Apolipoprotein CII Amyloidosis Associated With p.Lys41Thr Mutation

Abstract

Introduction: Apolipoprotein CII amyloidosis (AApoCII) is a rare form of amyloidosis. Here, we report a novel mutation associated with AApoCII amyloidosis in 5 patients and describe their clinical, renal biopsy, and mass spectrometry findings.

Methods: Five patients with renal AApoCII p.Lys41Thr amyloidosis were identified from our amyloid mass spectrometry cohort. Clinical features, kidney biopsy, and mass spectrometry findings were analyzed in this rare type of amyloidosis.

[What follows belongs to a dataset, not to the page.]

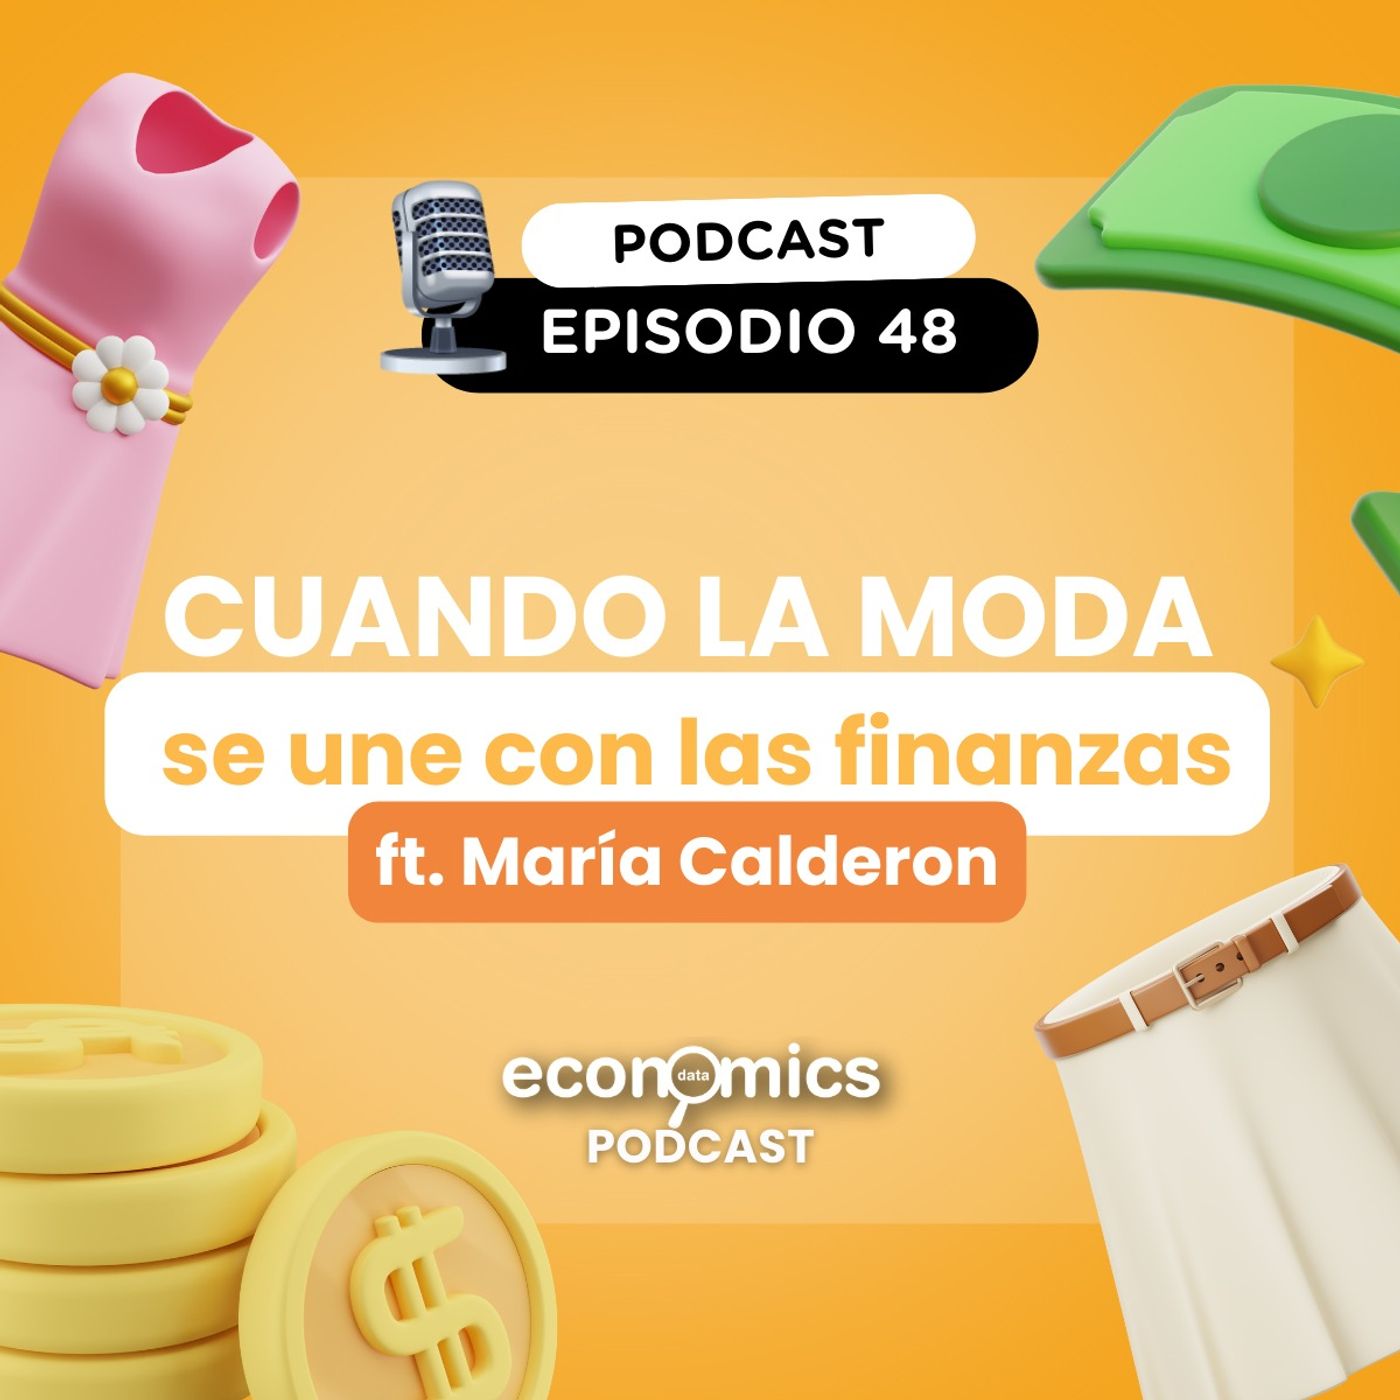 EP 48 - Cuando la moda se une con las finanzas 😳 ft. María Calderon

Results: The patients were older adults (mean age of 71.6 years at diagnosis), presented with nephrotic-range proteinuria, and often had declining renal function. All renal biopsy specimens showed massive mesangial nodules composed of weakly eosinophilic, periodic acid-Schiff negative, Congo red-positive amyloid deposits. There were no interstitial, vascular, or medullary deposits. In all cases, immunofluorescence studies were negative for Igs and electron microscopy showed amyloid fibrils. Proteomic analysis of Congo red-positive amyloid deposits detected large amounts of apolipoprotein CII (APOC2) protein. We also detected APOC2 p.Lys41Thr mutant protein in amyloid deposits of all patients. DNA sequencing in 1 patient confirmed the presence of the mutation. Both mutant and wild-type forms of APOC2 were detected in amyloid deposits of all patients. Molecular dynamic simulations showed the variant mediating a collapse of the native structure of APOC2, thereby destabilizing the protein.

Conclusion: We propose that AApoCII p.Lys41Thr amyloidosis is a new form of amyloidosis seen in elderly individuals, histologically exhibiting massive glomerular involvement, leading to nephrotic-range proteinuria and progressive chronic kidney disease.

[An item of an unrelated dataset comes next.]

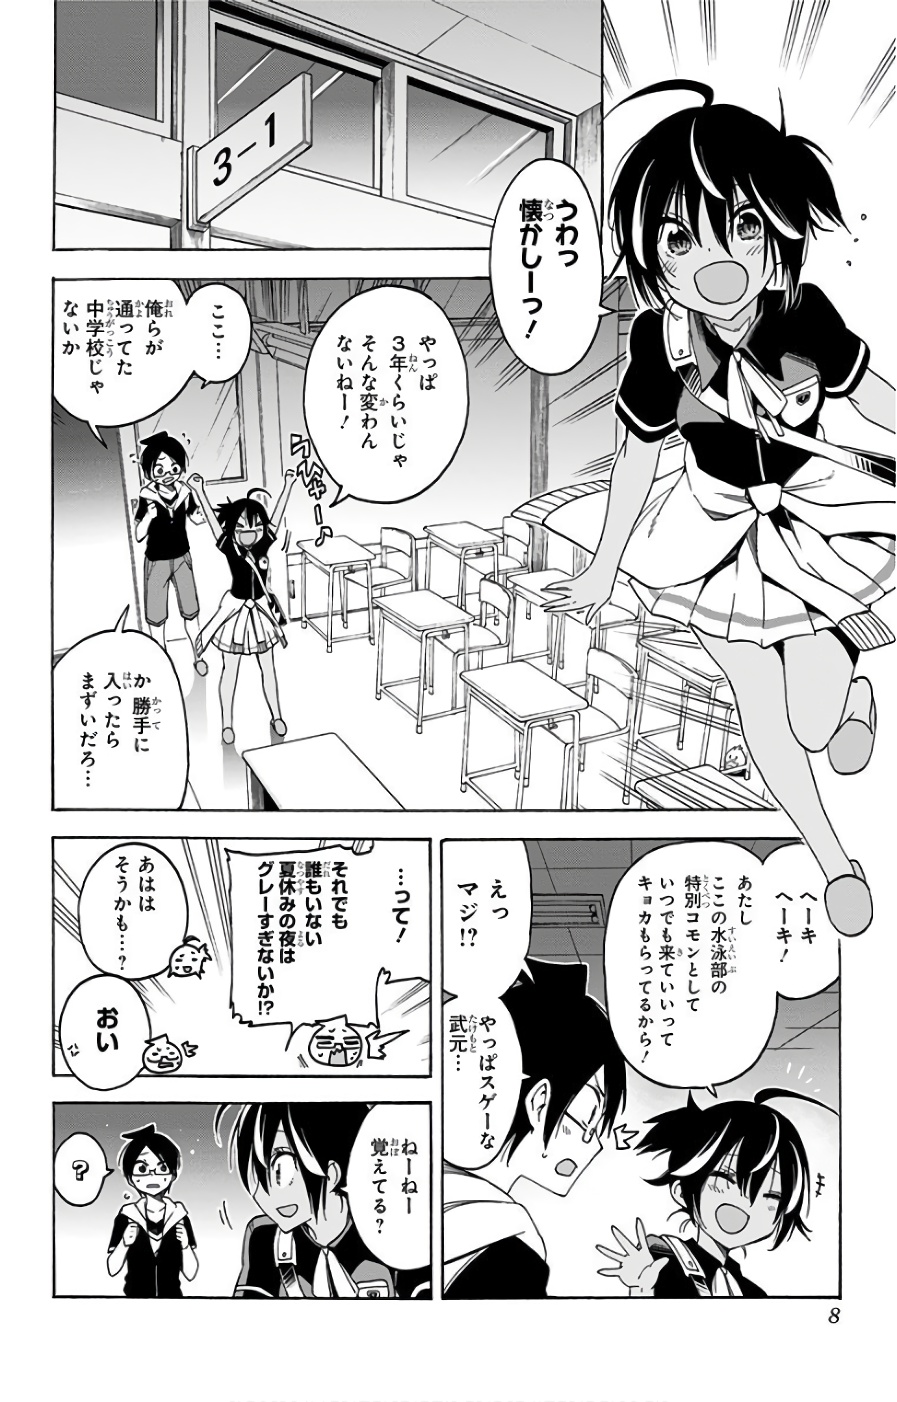 Bokutachi wa Benkyou ga Dekinai - Chapter 43 - Page 2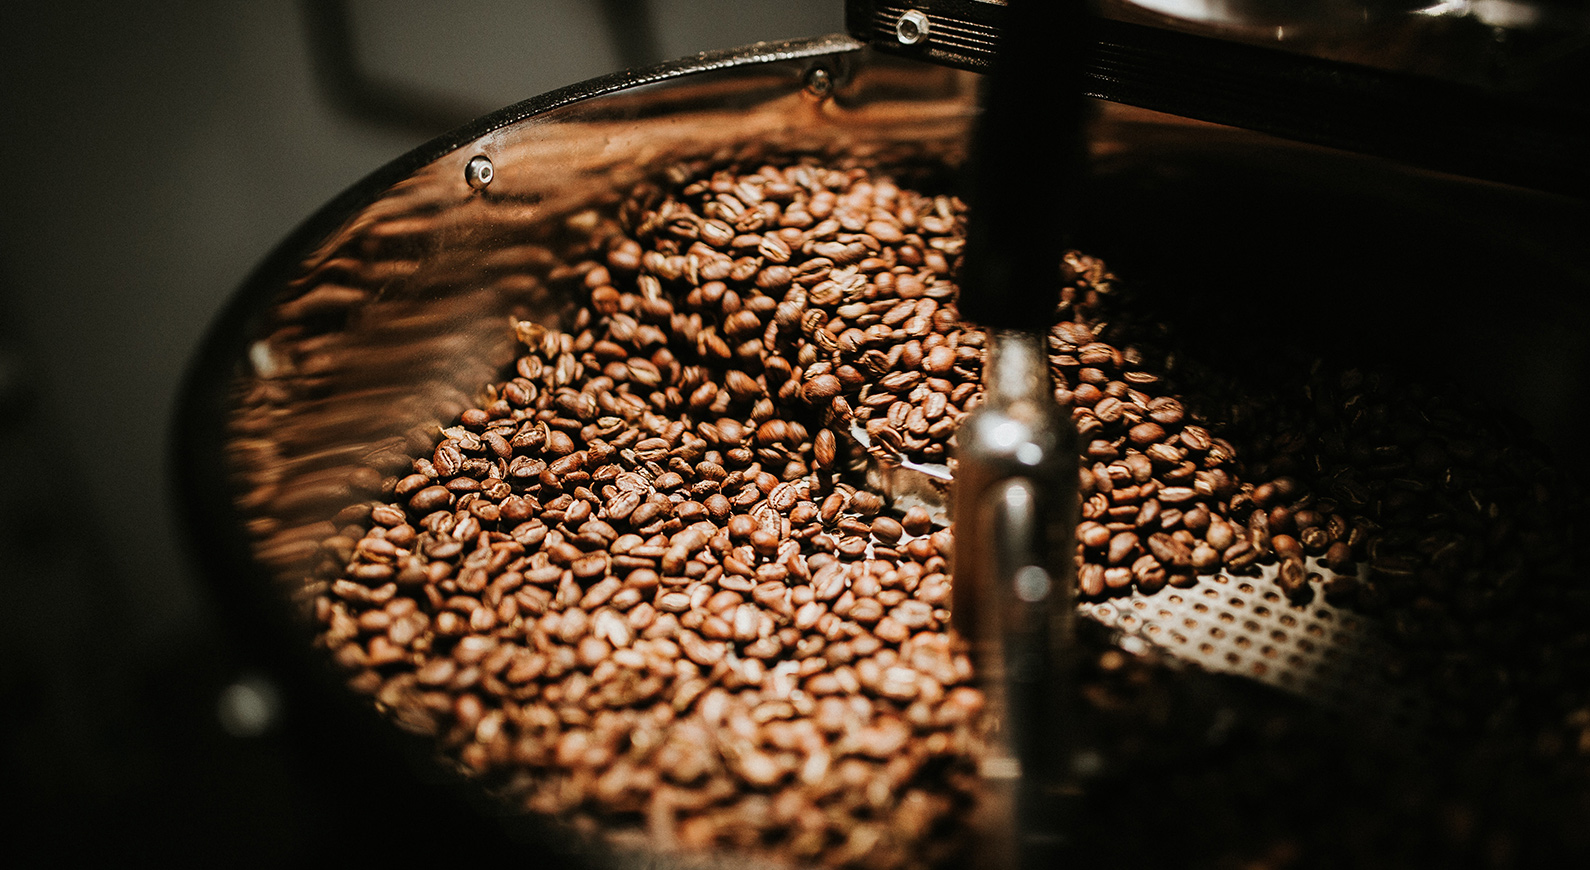 自宅でコーヒー豆を挽く デロンギのコーン式グラインダー Kg364j を買ってみた 84lifeブログ

Keywords: amyloidosis; apolipoprotein CII; kidney; mutation; p.Lys41Thr; proteomics.

Figure 1

Kidney biopsy findings. Light microscopy shows large acellular mesangial nodules that are periodic acid−Schiff stain negative and Congo red–positive. In some glomeruli, the large mesangial nodules may involve the glomerulus only segmentally. In addition, in some biopsy specimens, the Congo red stain is only weakly positive. The column on the right pertains to the Congo red stain. The column on the left pertains to hematoxylin and eosin except (a), which is a periodic acid−Schiff stain. Each row represents 1 patient: (a,b) patient 1; (c,d) patient 2; (e,f) patient 3; (g,h) patient 4; and (i,j) patient 5. Original magnification for all ×40, except for (a) and (i) (×20) and d (×10).

Figure 2

Proteomic identification of APOC2 Lys41Thr in glomerular amyloid deposits. Congo red−positive glomeruli were microdissected and analyzed using liquid chromatography with mass spectrometry (LC-MS/MS), as described in the Methods. (a) Protein identification report consisting of representative dissections from all 5 cases is shown. Numbers in green boxes represent number of MS/MS matches to the respective protein. Universal amyloid tissue marker proteins (apolipoprotein E [APOE], APOA4, and serum amyloid protein [SAP]) are shown in gold stars. Type-specific marker (APOC2) is shown in the blue star. (b) Sequence coverage map of wild-type APOC2, from the patient 1 specimen, showing that the entire protein is deposited. Amino acids highlighted in bold letters over yellow background were detected in the deposit. The first 22 amino acids correspond to the signal peptide. (c) MS/MS spectrum corresponding to the APOC2 p.Lys41Thr mutant peptide is shown. Blue arrow shows the location of the mutation in the detected peptide. (d) Peptides corresponding to both mutant and wild-type forms of APOC2 were detected in the deposit. Distribution of normalized MS/MS matches to the corresponding APOC2 forms are shown.

Figure 3

Sanger sequencing to detect ApoCII variant. Sanger sequencing of blood DNA in patient 1 shows heterozygous APOC2 variant c.122A>C (p.Lys41Thr). The control sequence is shown for comparison.

Figure 4

Molecular dynamics (MD) simulation of APOC2 p.Lys41Thr. (a) Variant p.Lys41Thr was located in the third helix (H1) in the APOC2 native structure, whereas the previously known amyloidogenic variant p.Gly69Val was located in the second α-helix (H2). (b) Molecular dynamics simulations were performed for both variants, and radius of gyration (Rg) was monitored during simulations (Rg is a measure of the protein’s compactness). Furthermore, stable proteins have a narrower Rg in MD simulations when compared to unstable proteins. Distribution of Rg observed for wild-type (WT), K41T, and E69V variants. Like E69V, the new K41T was associated with a collapse of the protein, as indicated by significantly lower Rg measures. K41T folding, like that of E69V, is also more unstable than in WT, as indicated by a wider Rg distribution.